Tom Cruisehas spent the better part of the last 20 age making square , wide appealing action picture . He ’s become known just as much for the demise - defying stunts he ’s uncoerced to do in moving picture likeMission : inconceivable — Dead ReckoningandTop Gun : Maverickas he is for his signature tune , cap - M Movie Star personal appeal . Action films have , of course , been an crucial part of Cruise ’s career ever since it begin in the 1980s , but there was a time when Hollywood ’s most perpetrate movie whiz seemed more unforced to agitate himself emotionally and tonally as a performer than he is now .

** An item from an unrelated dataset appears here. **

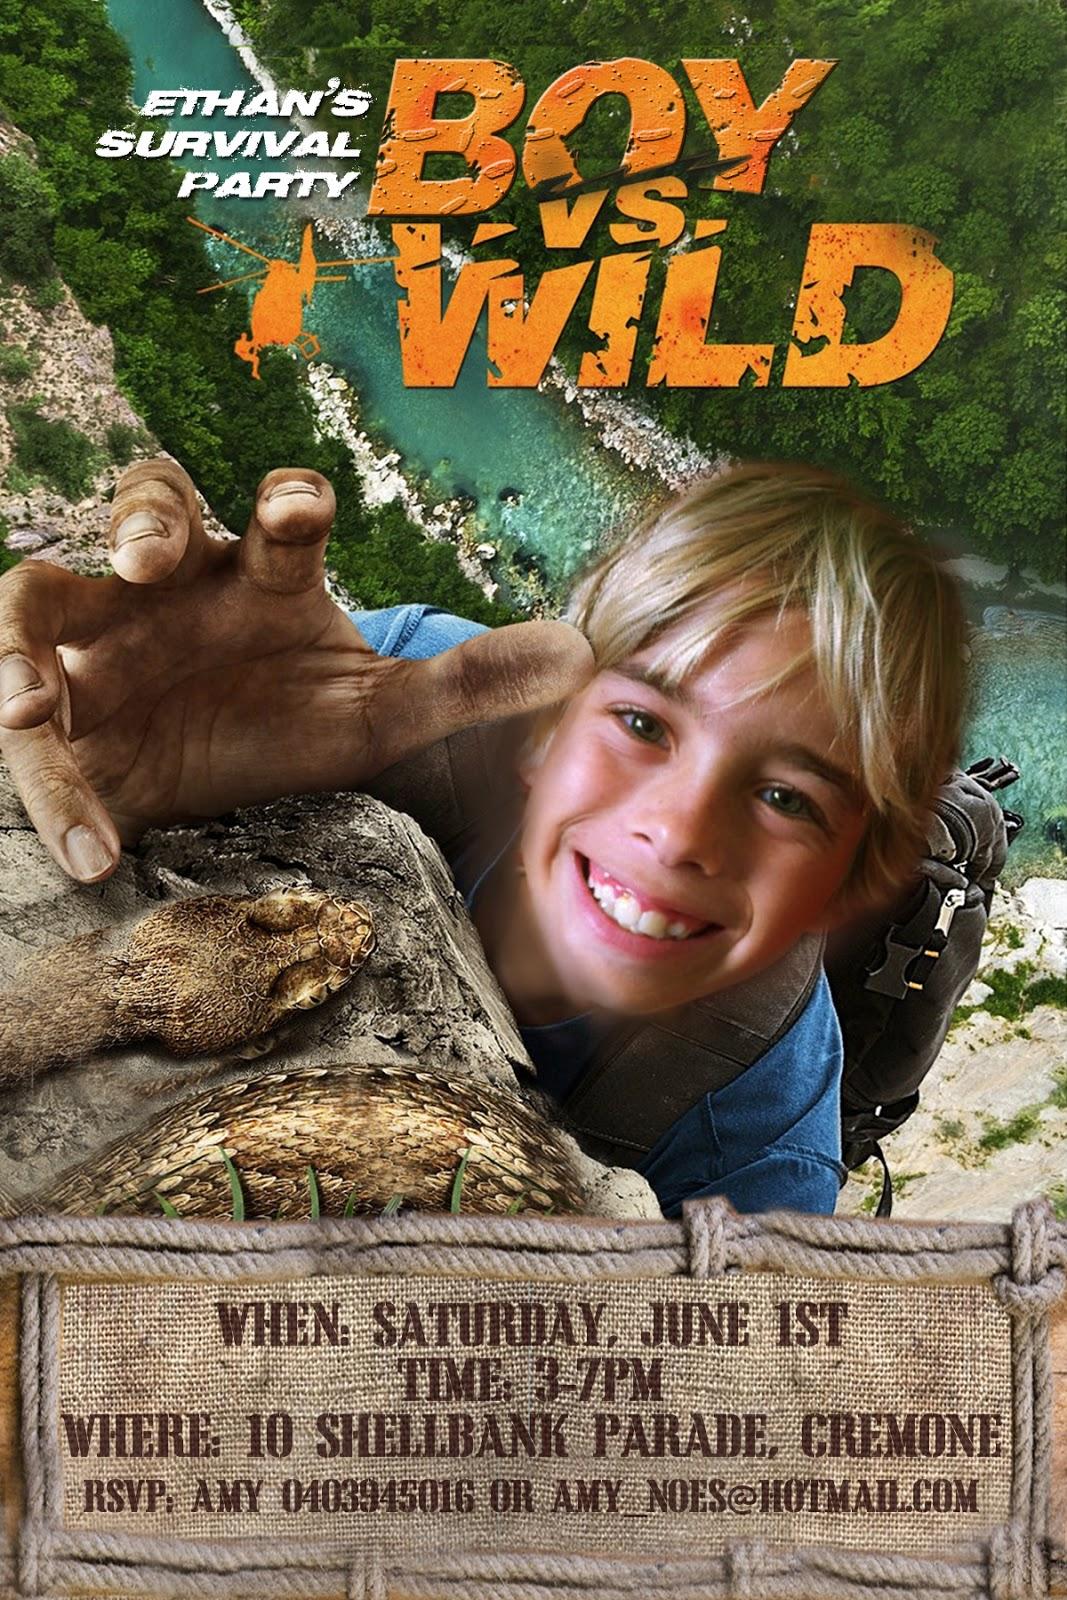 Free Kids Party Invitations Boy Vs Wild Bear Grylls
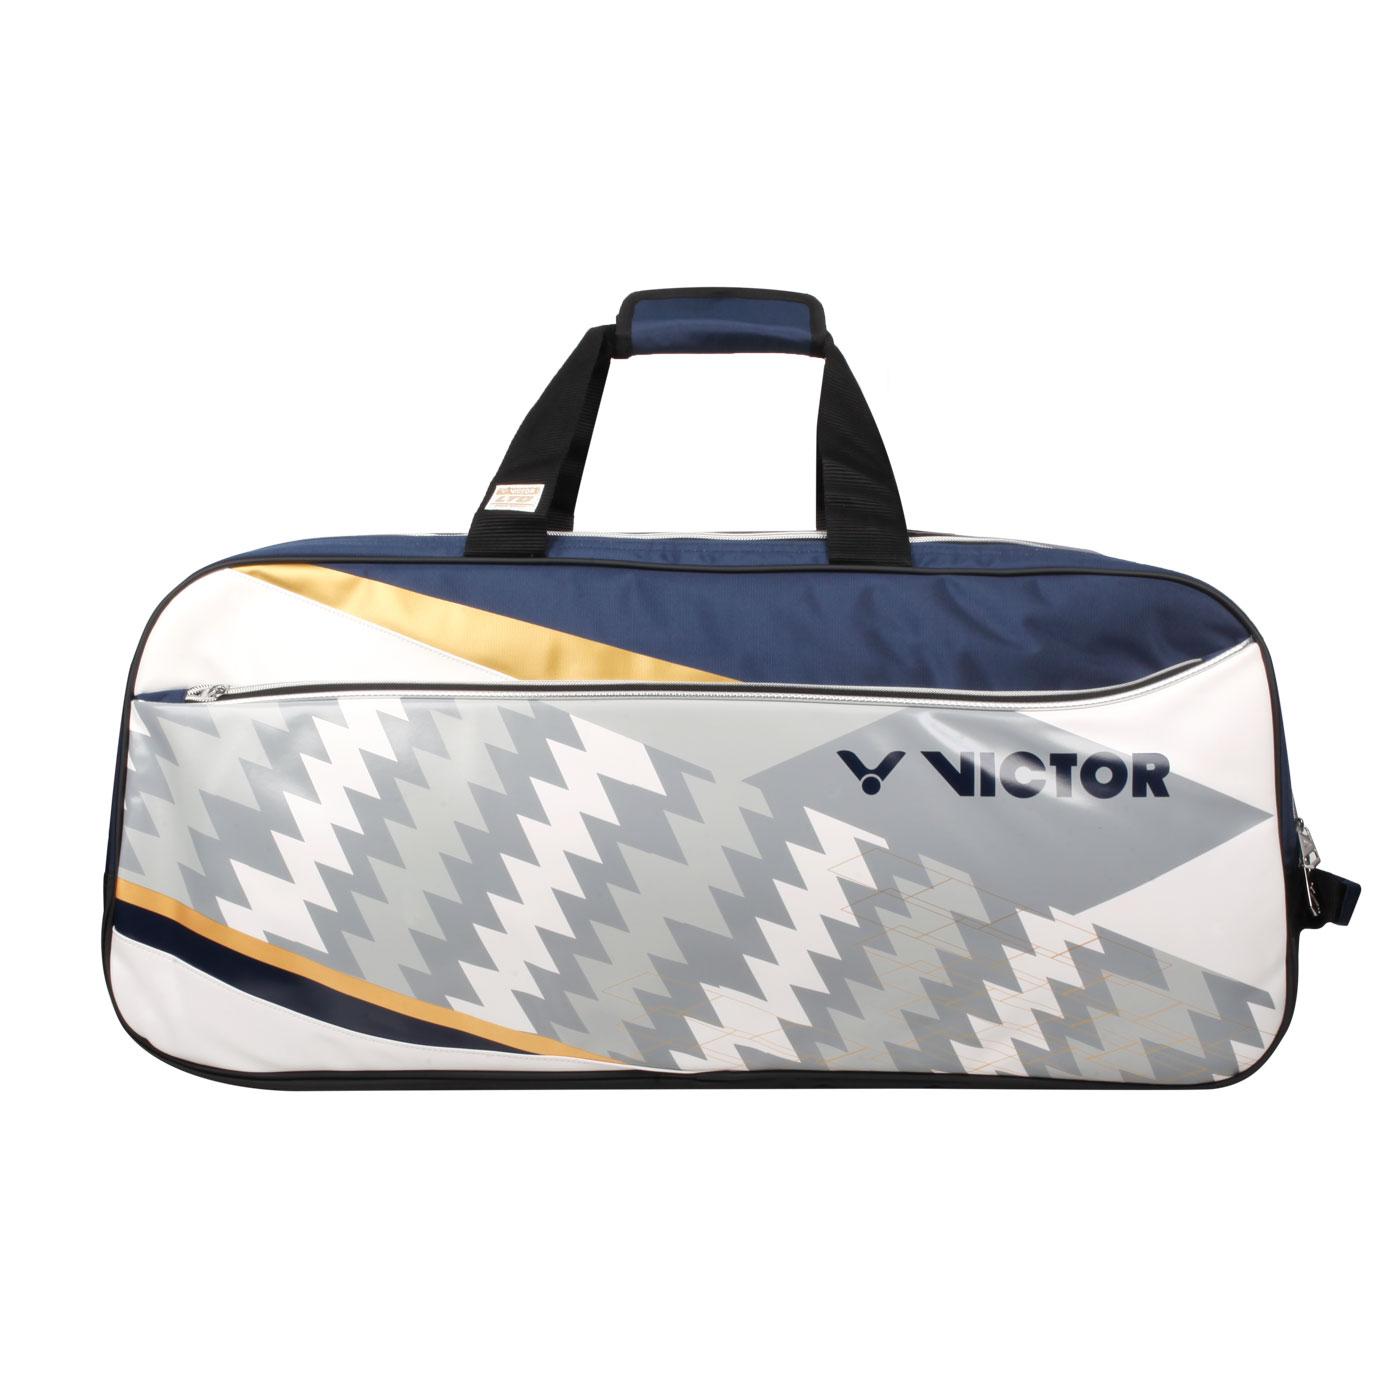 VICTOR 2020奧運系列12支裝矩形包 BR9609LTDAB - 丈青白灰金

That period of his filmography reached its high tip when Cruise give the greatest public presentation of his career to date in writer - directorPaul Thomas Anderson‘s gutsy L.A. epicMagnolia . Released the same year that Cruise gave another , wildly unlike performance inStanley Kubrick‘sEyes Wide Shut , Magnoliafeatures the Hollywood star as one figure in an ensemble shape of fictional character whose subject all issue forth spilling messily and violently to the surface over the course of one showery , inexplicable day in the San Fernando Valley . The motion-picture show persist one of the more divisive masterpieces of the 1990s , but not only hasMagnolia‘s reputation continued to improve in the 25 years since it was released , but Cruise ’s performance also stands now as a stunning reminder of the full largeness of his natural endowment .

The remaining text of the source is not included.